=== TASK TO COMPLETE ===
In the data below, find the line with "Tips & Tricks By Ft. Aditya Shende" and output it along with every later line, exactly, but not the pictures.

=== COLLECTED MATERIAL ===

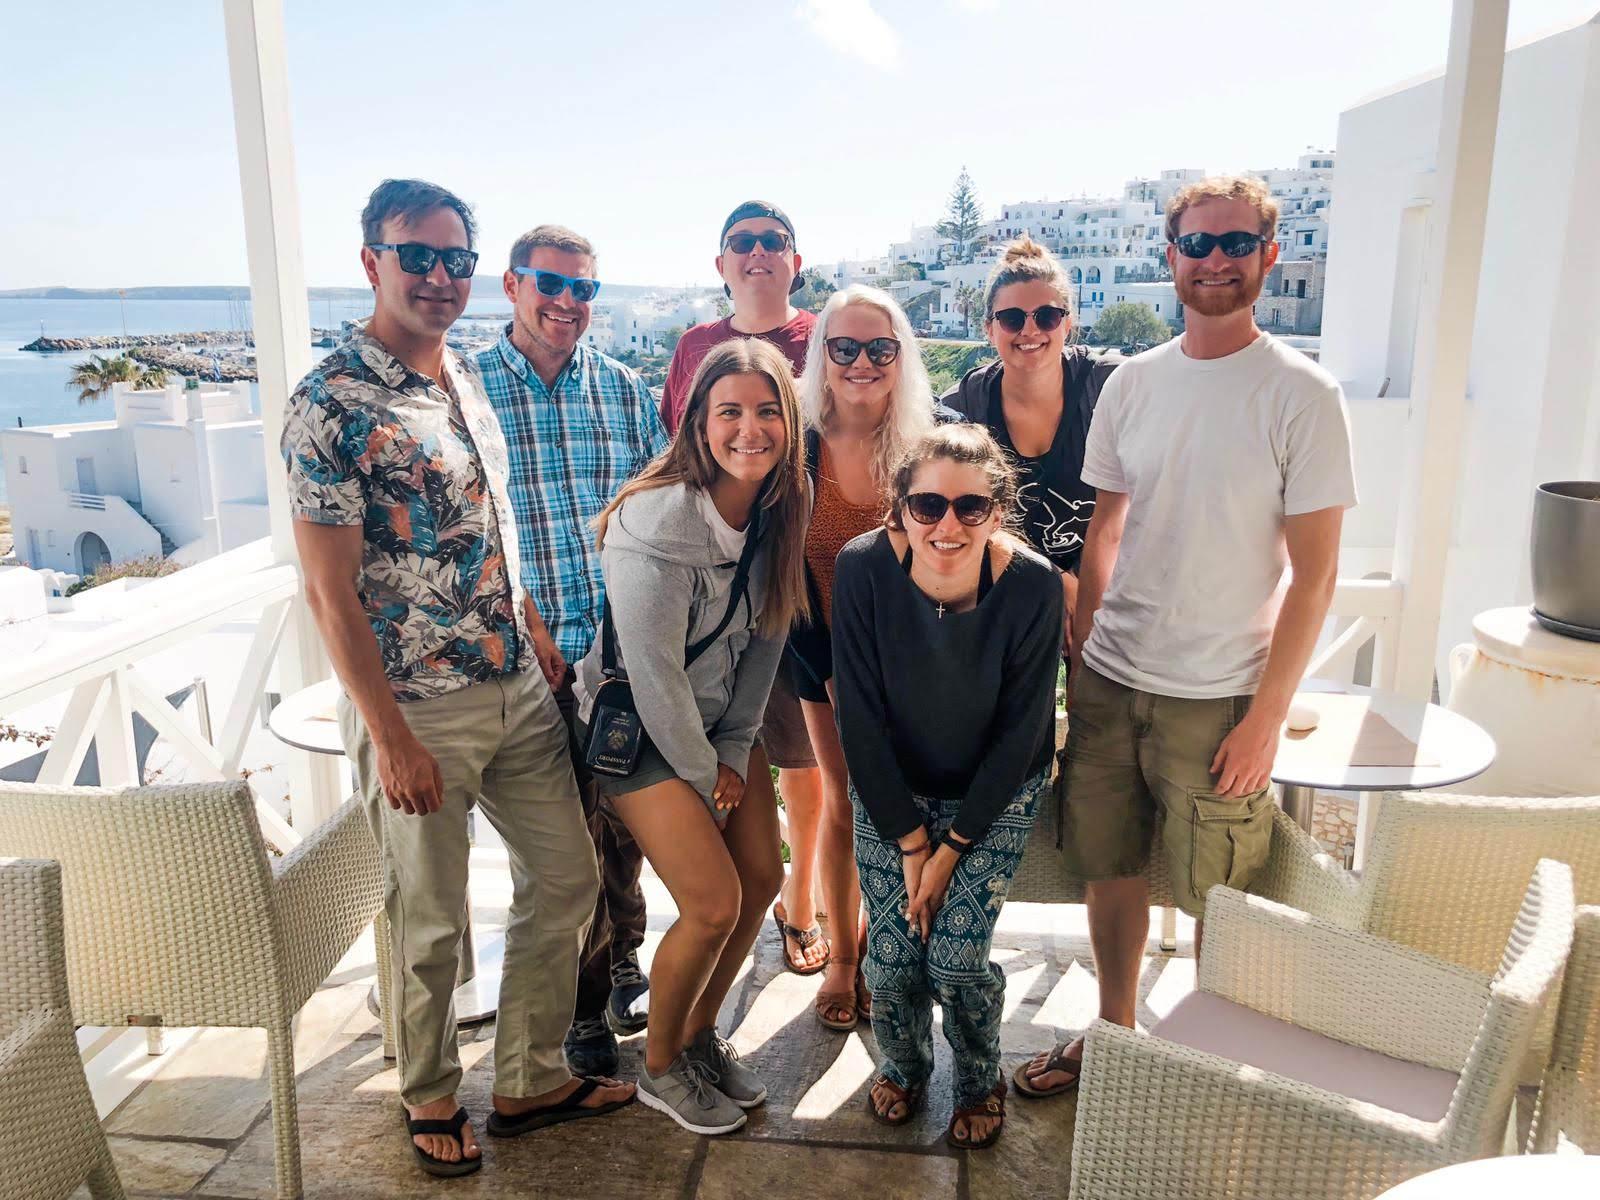 Team Serifos (minus Skipper Mark) — A.K.A. my best friends for the week.
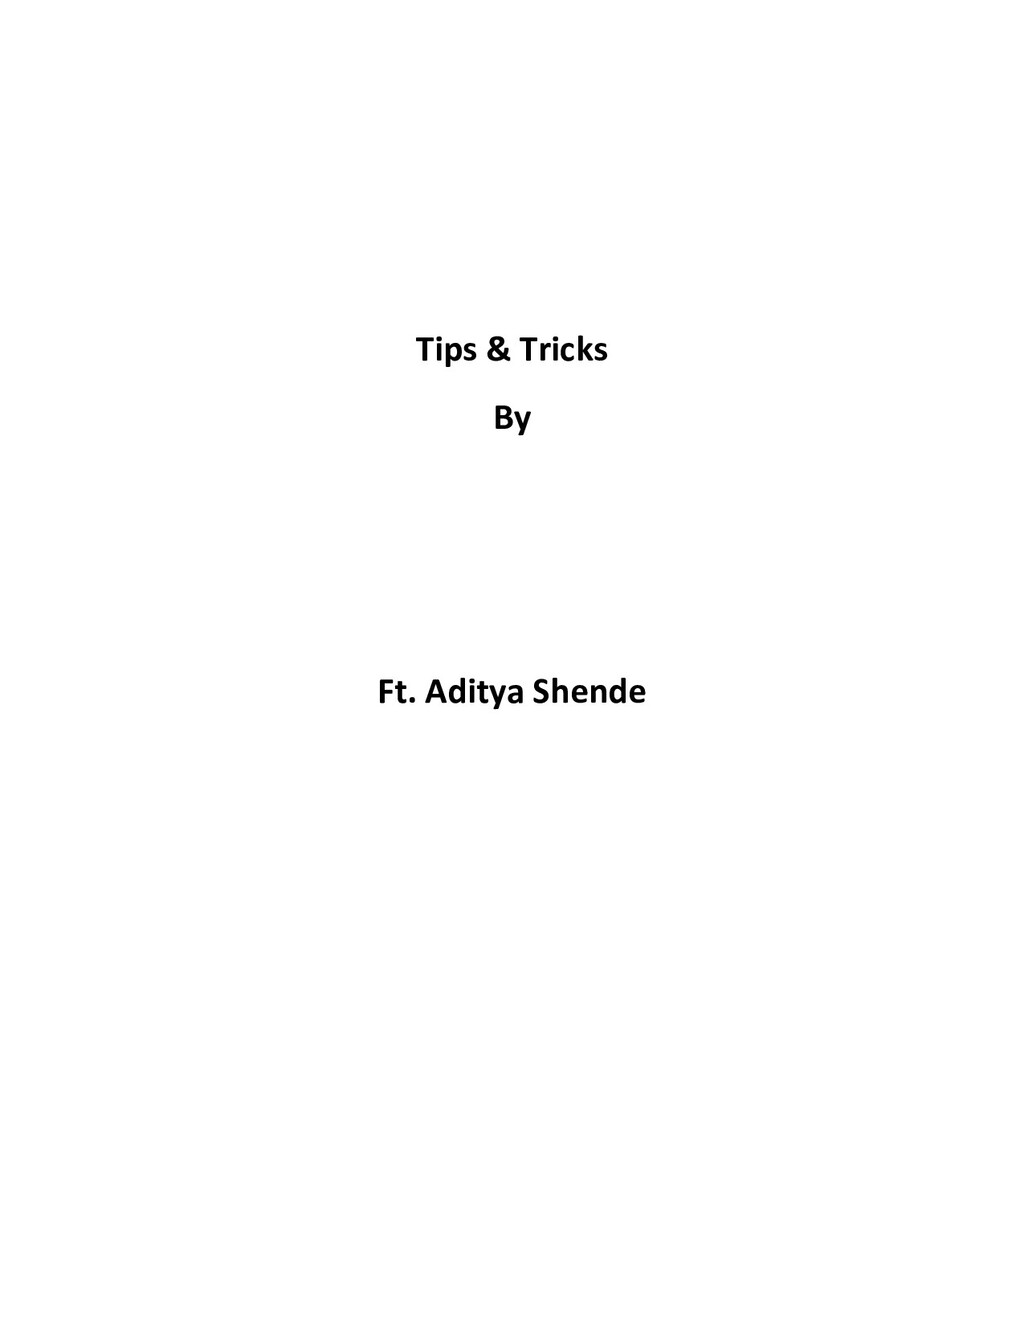 Tips & Tricks By Ft. Aditya Shende
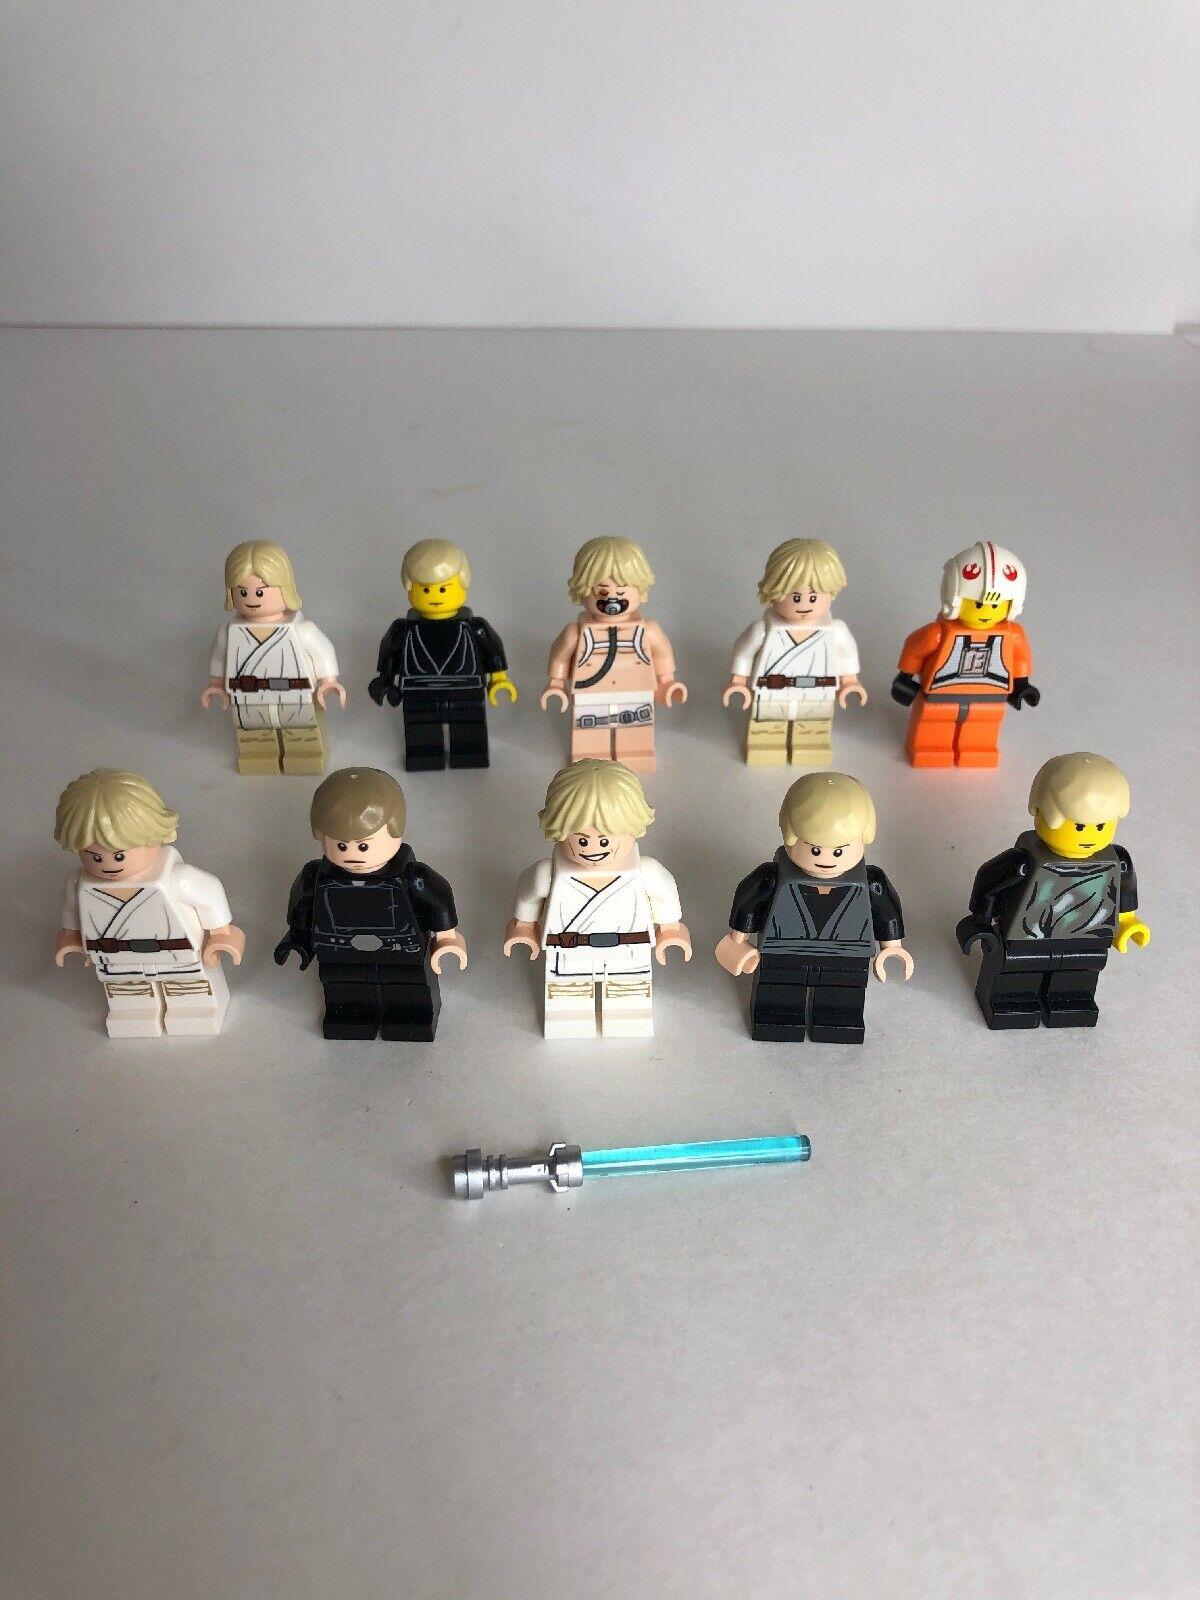 Lego Star Wars 10 MINIFIGUREs Luke Skywalker Lot 7128 Pilot 75059 75005 X2
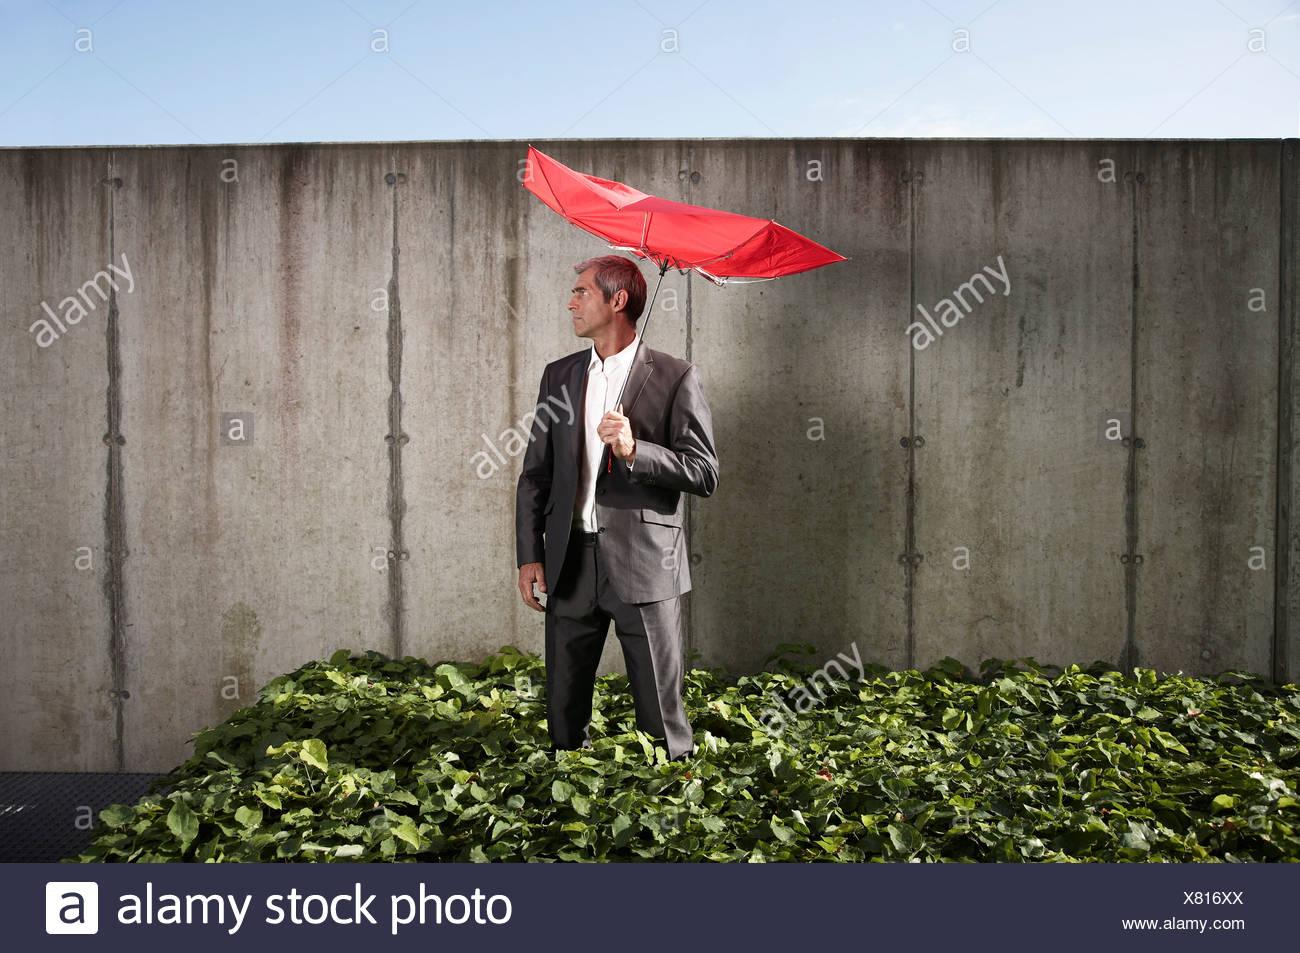 Geschäftsmann mit beschädigten roten Regenschirm Stockbild

=== EXERCISE ANSWER ===
 Tips & Tricks By Ft. Aditya Shende
 Lego Star Wars 10 MINIFIGUREs Luke Skywalker Lot 7128 Pilot 75059 75005 X2
 Geschäftsmann mit beschädigten roten Regenschirm Stockbild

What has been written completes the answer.